DESCRIPTION OF THE TASK =>
Restate every line of the material below word for word, skipping the images.

[Opening RECORDED INFORMATION section]

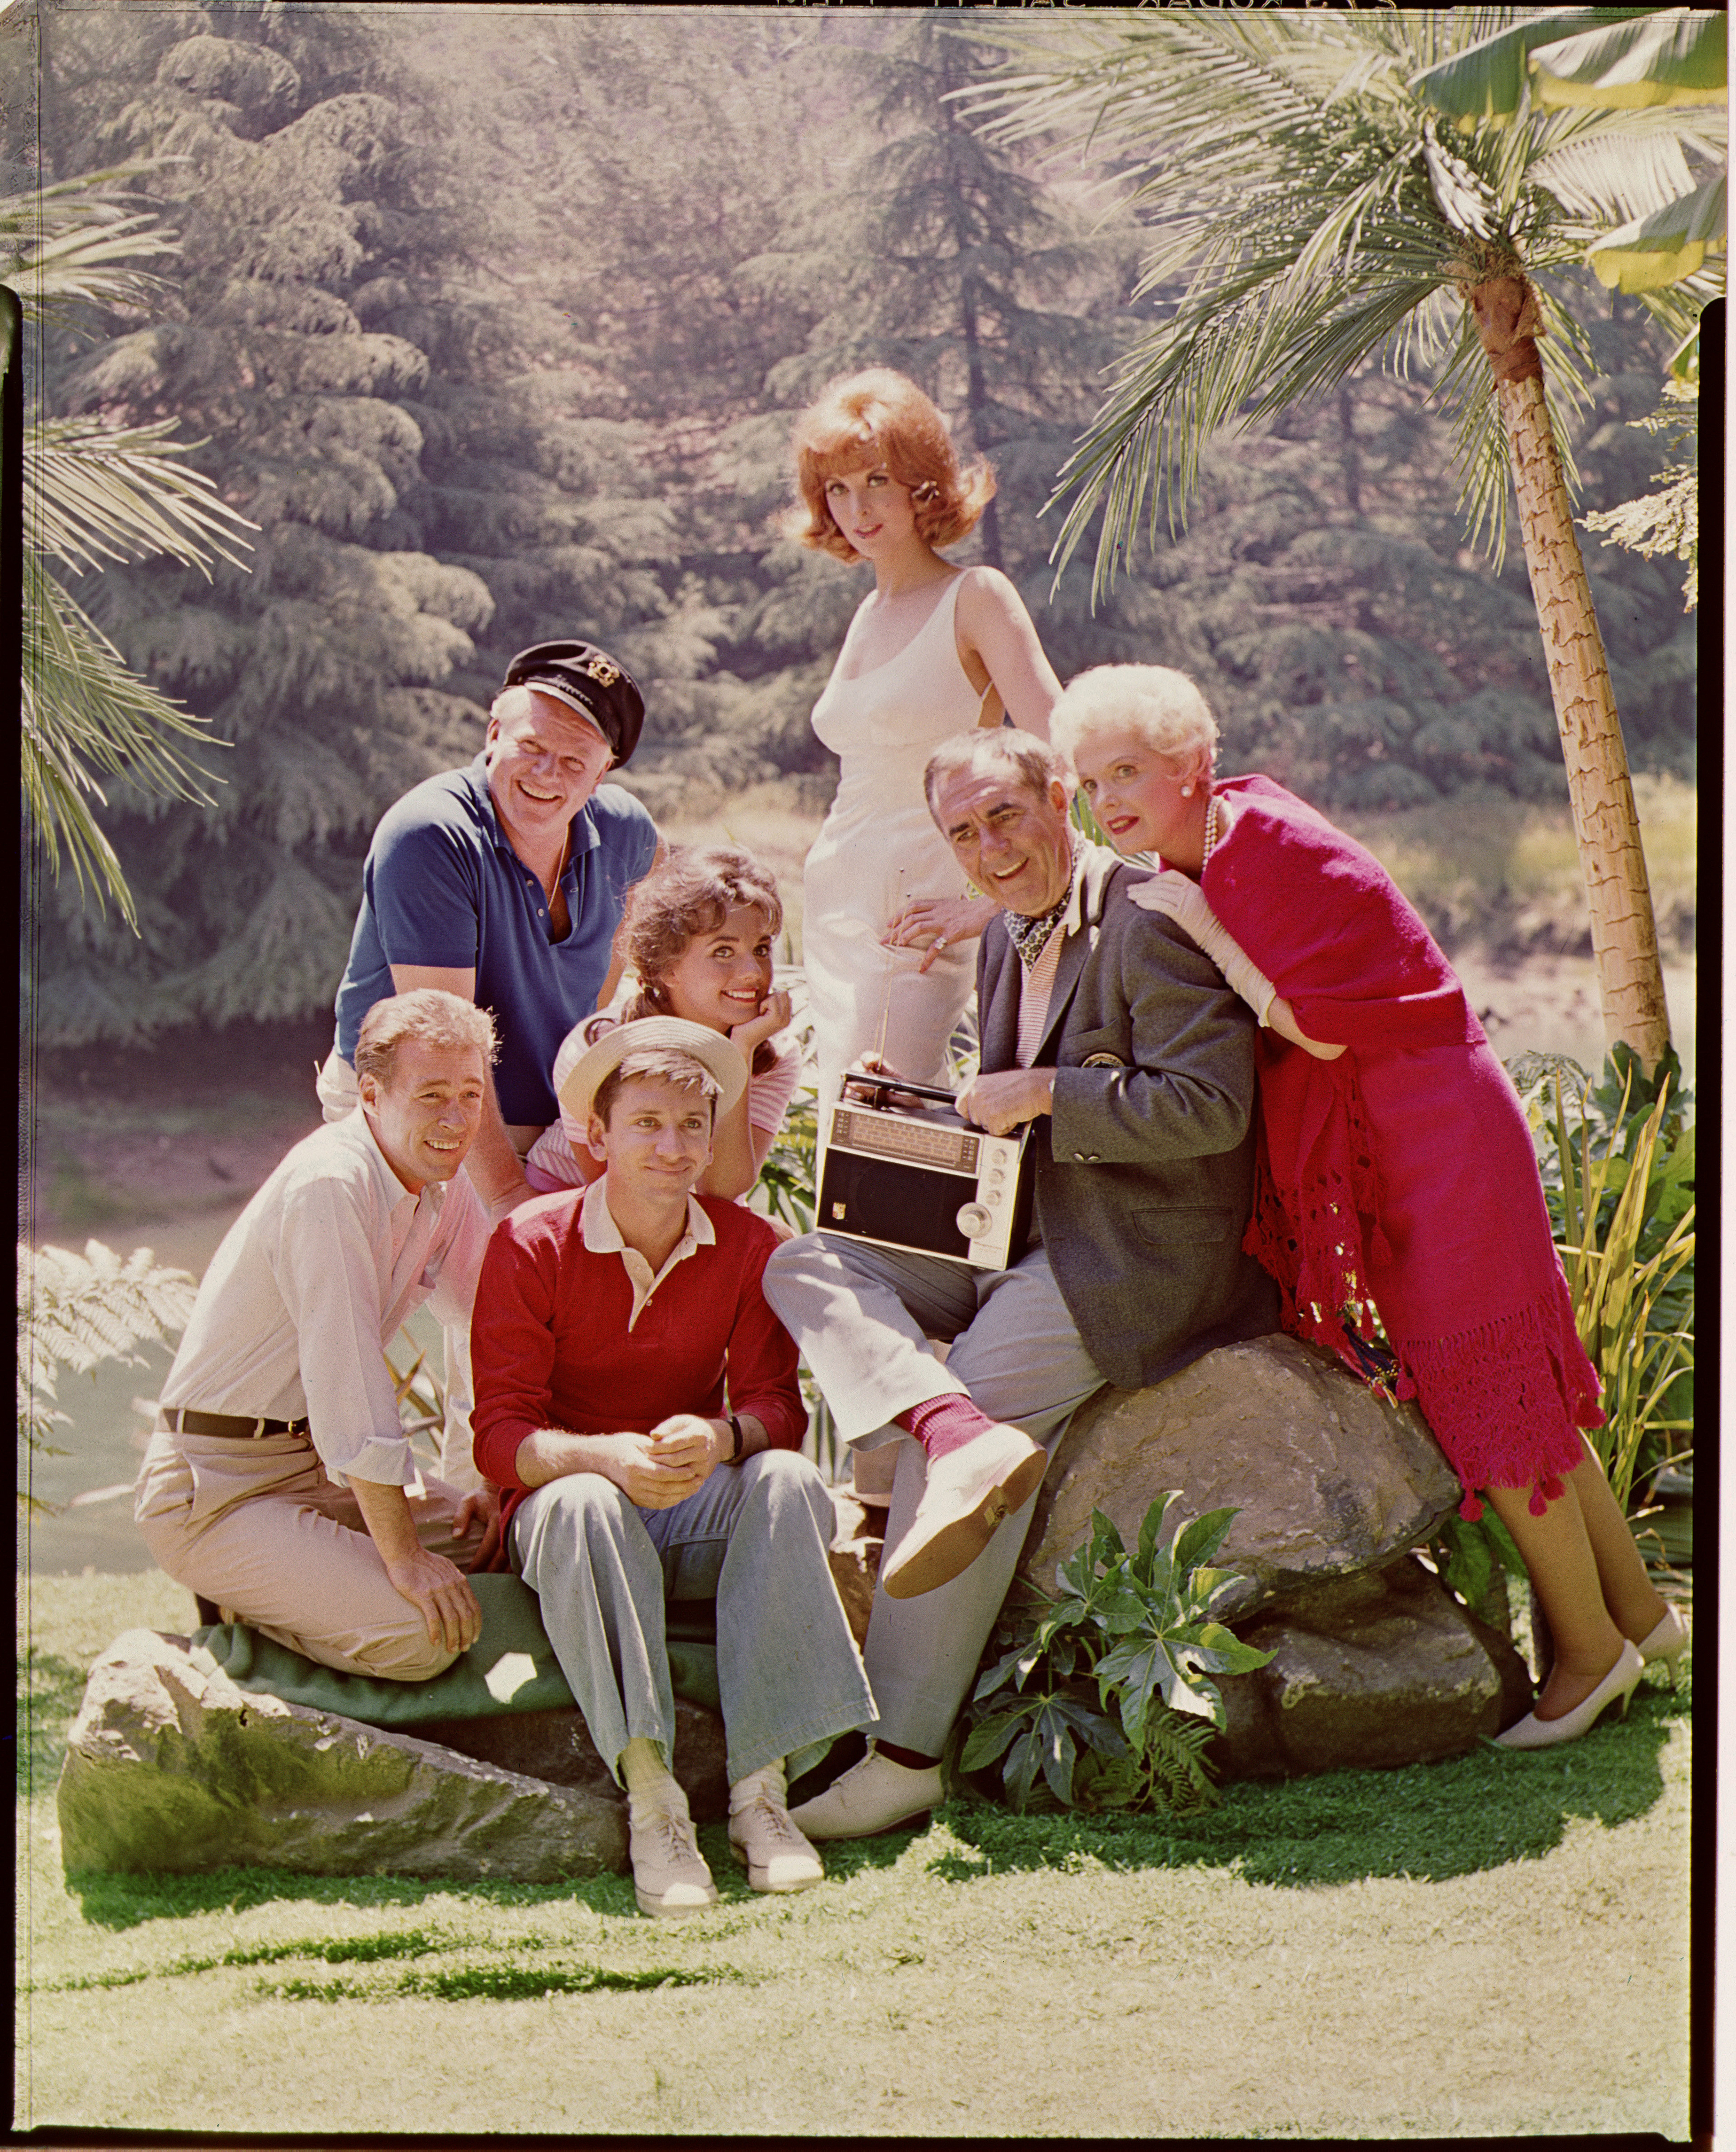 A promotional portrait of the "Gilligan's Island" cast Russell Johnson, Alan Hale Jr., Bob Denver, Dawn Wells, Tina Louise, Jim Backus, and Natalie Schafer in 1963 | Source: Getty Images
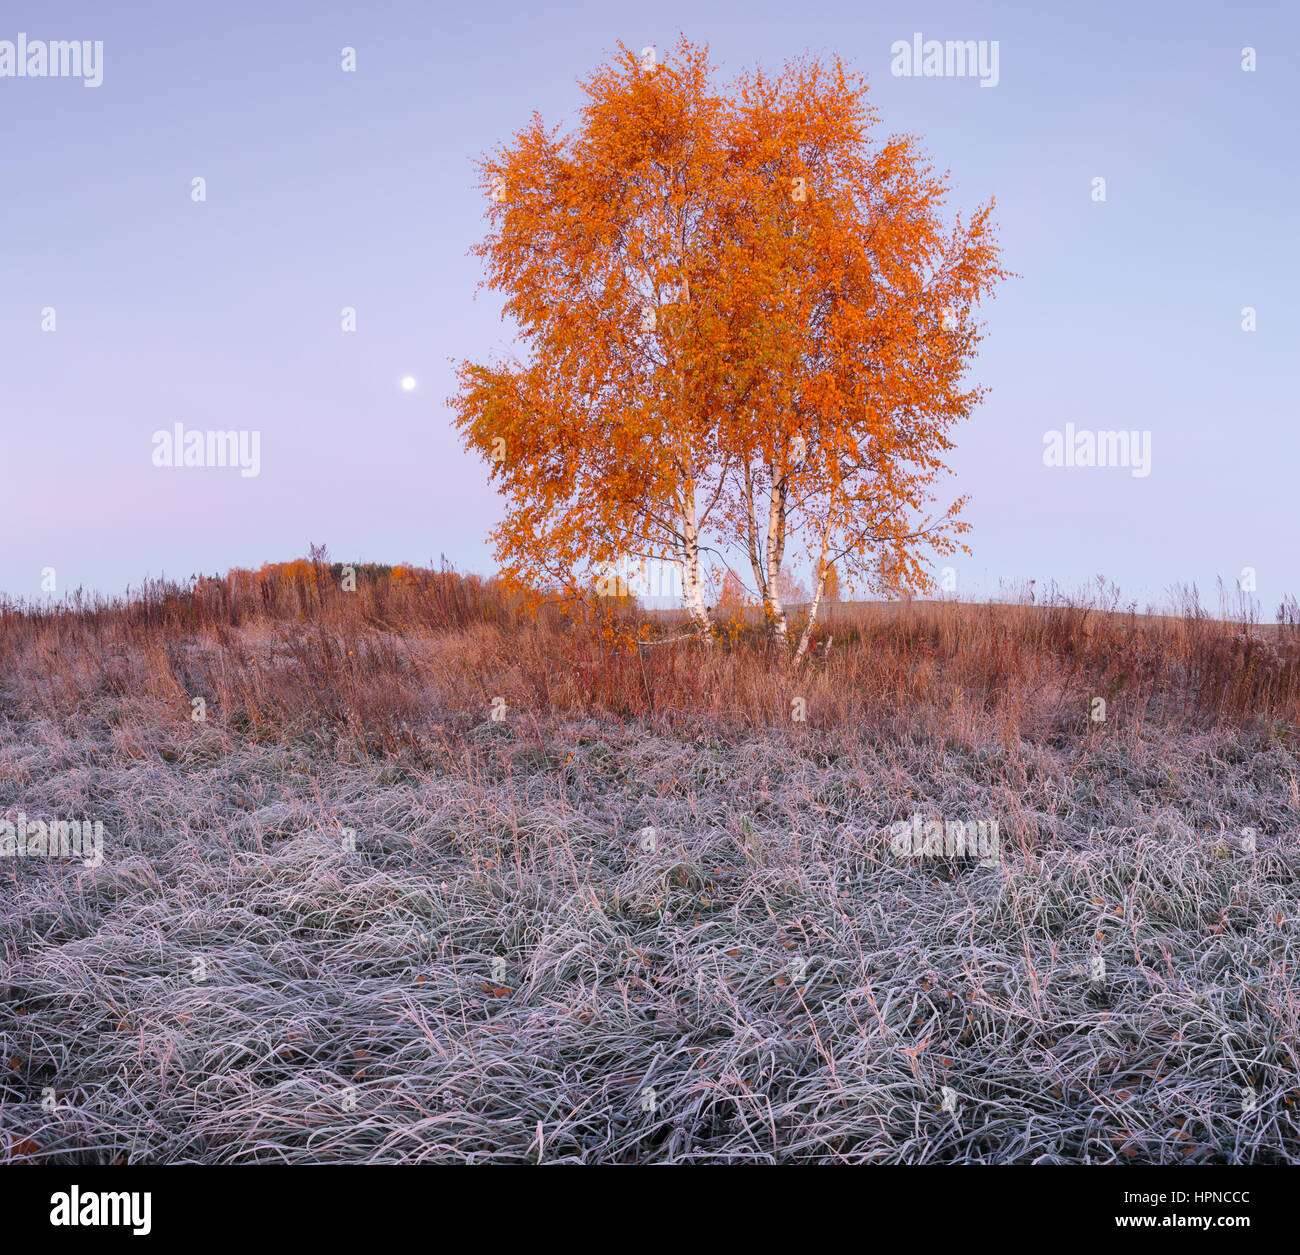 Birch tree with color leaves in the morning. Frosty autumn morning. Colorful autumn background. Stock Photo
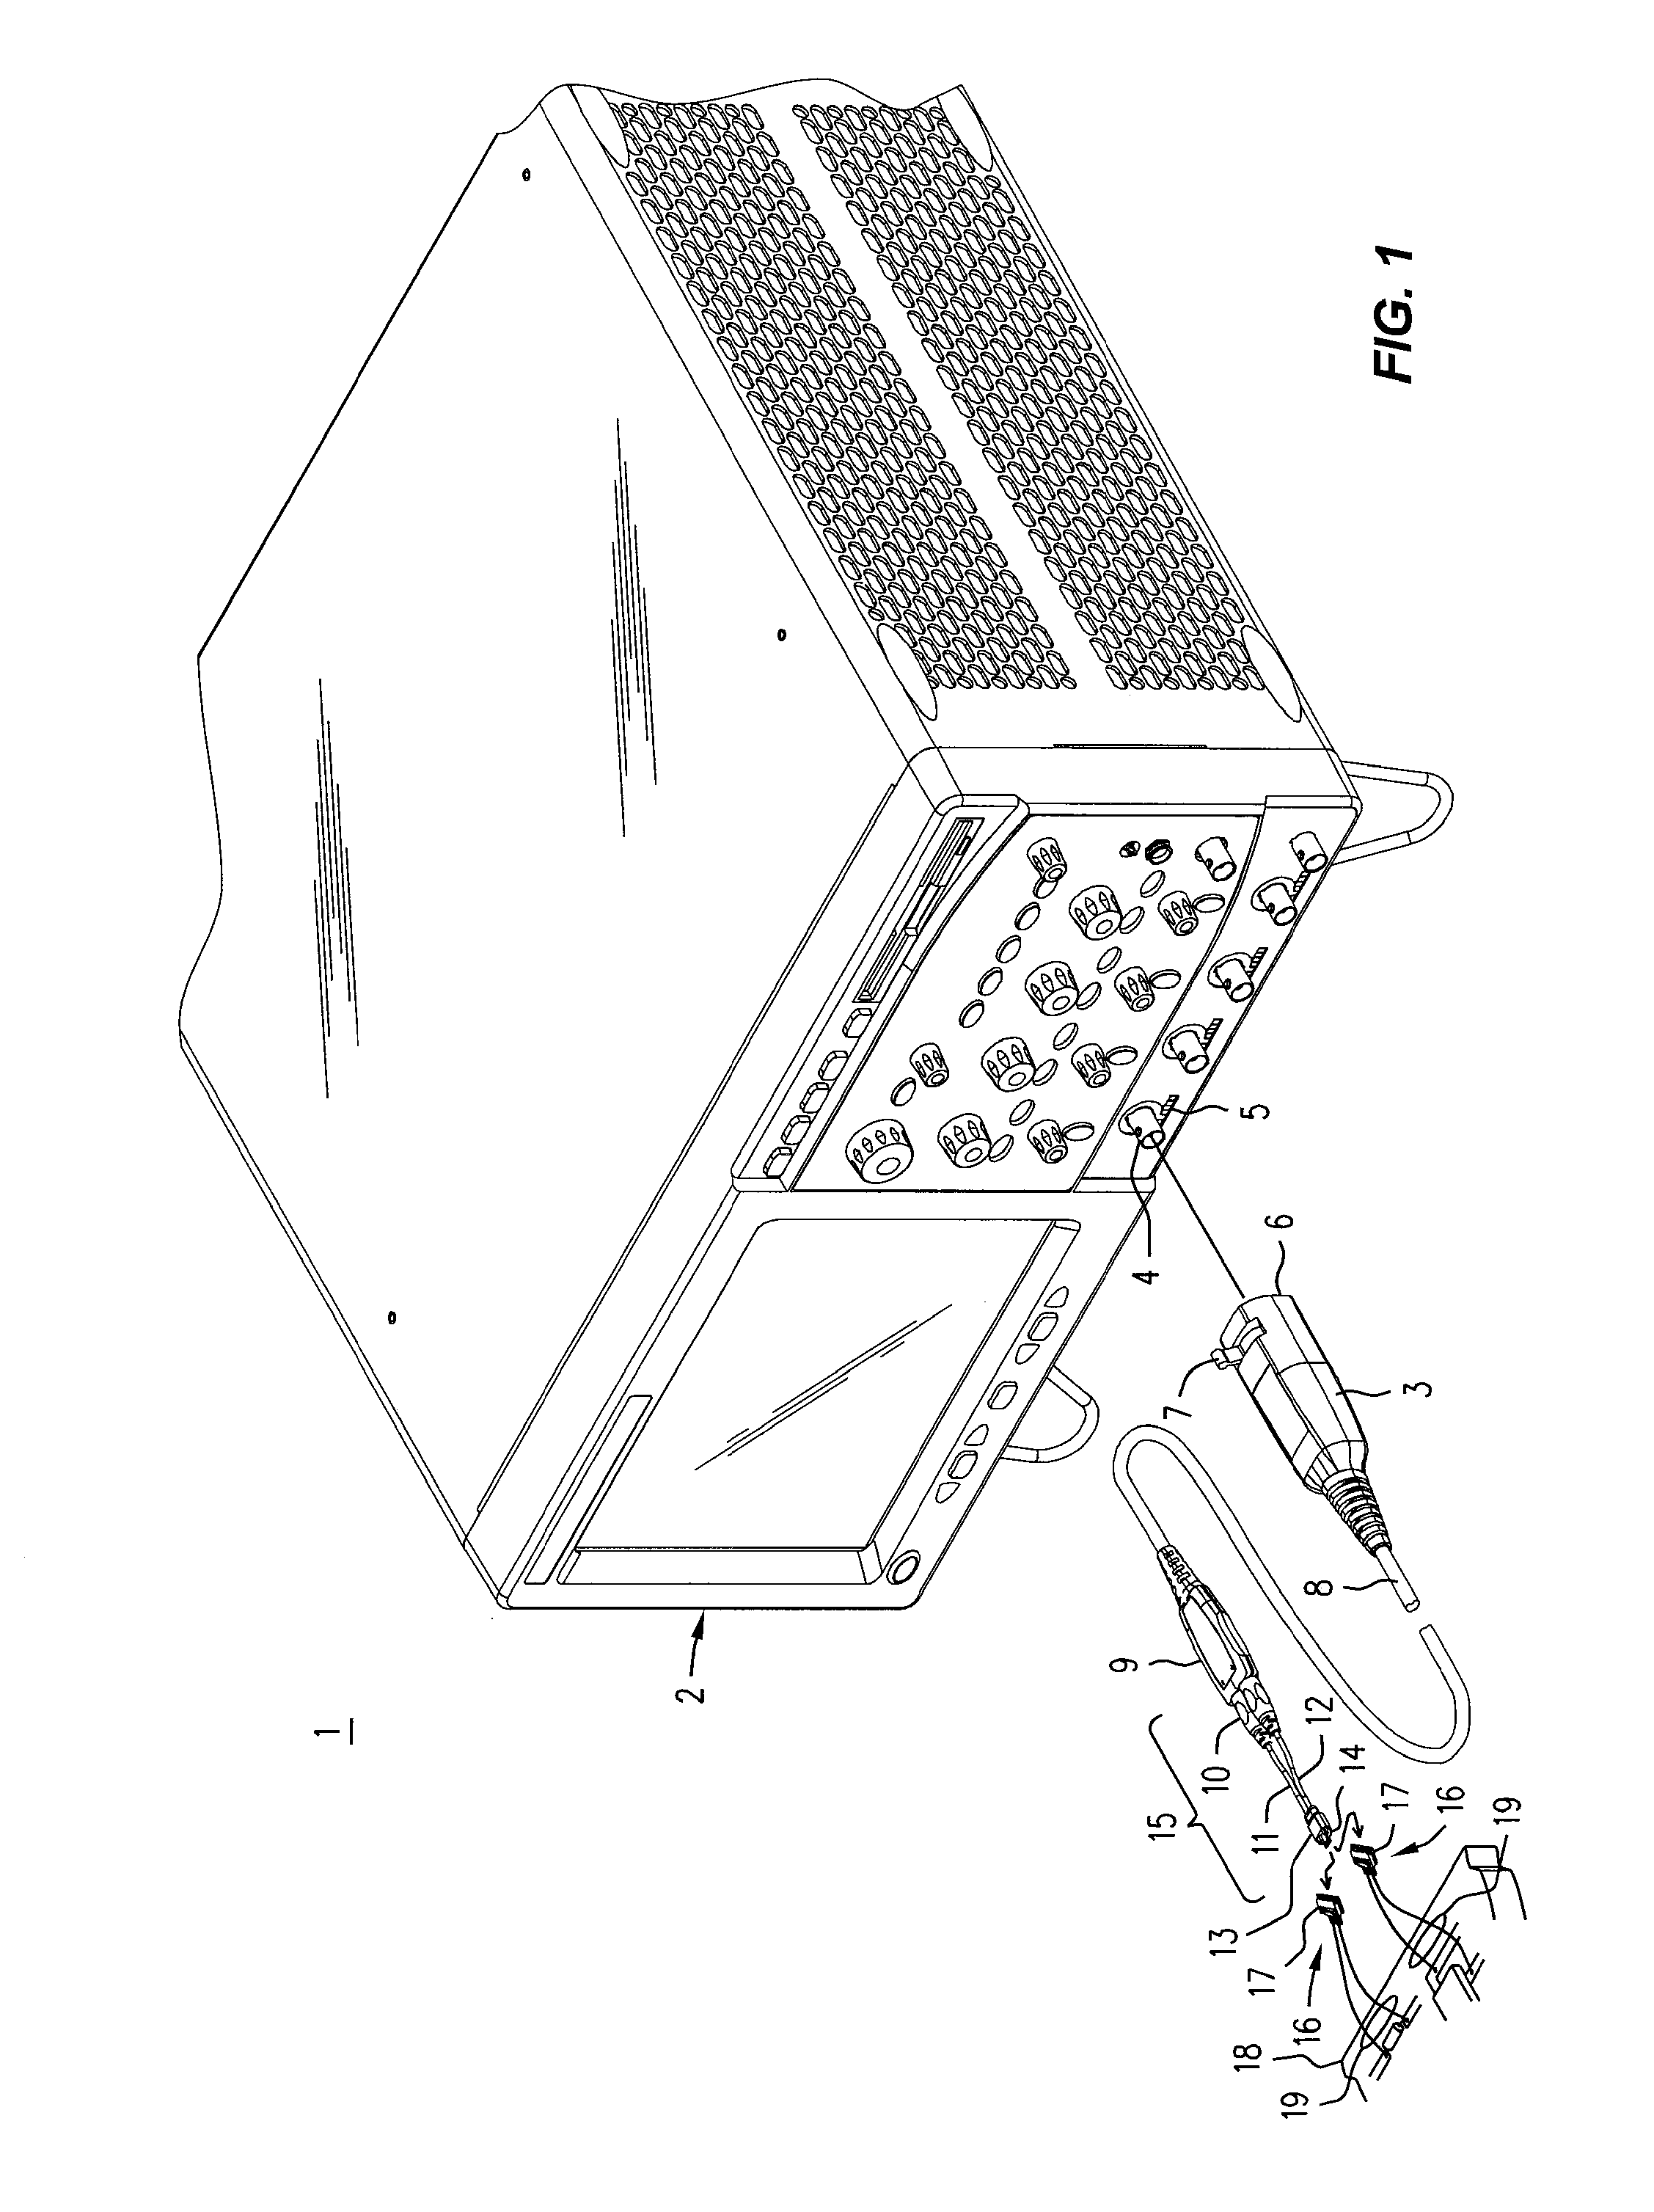 ZIF connection accessory and ZIF browser for an electronic probe

[Closing RECORDED INFORMATION section]

SOLUTION BELOW =>
 A promotional portrait of the "Gilligan's Island" cast Russell Johnson, Alan Hale Jr., Bob Denver, Dawn Wells, Tina Louise, Jim Backus, and Natalie Schafer in 1963 | Source: Getty Images
 Birch tree with color leaves in the morning. Frosty autumn morning. Colorful autumn background. Stock Photo
 ZIF connection accessory and ZIF browser for an electronic probe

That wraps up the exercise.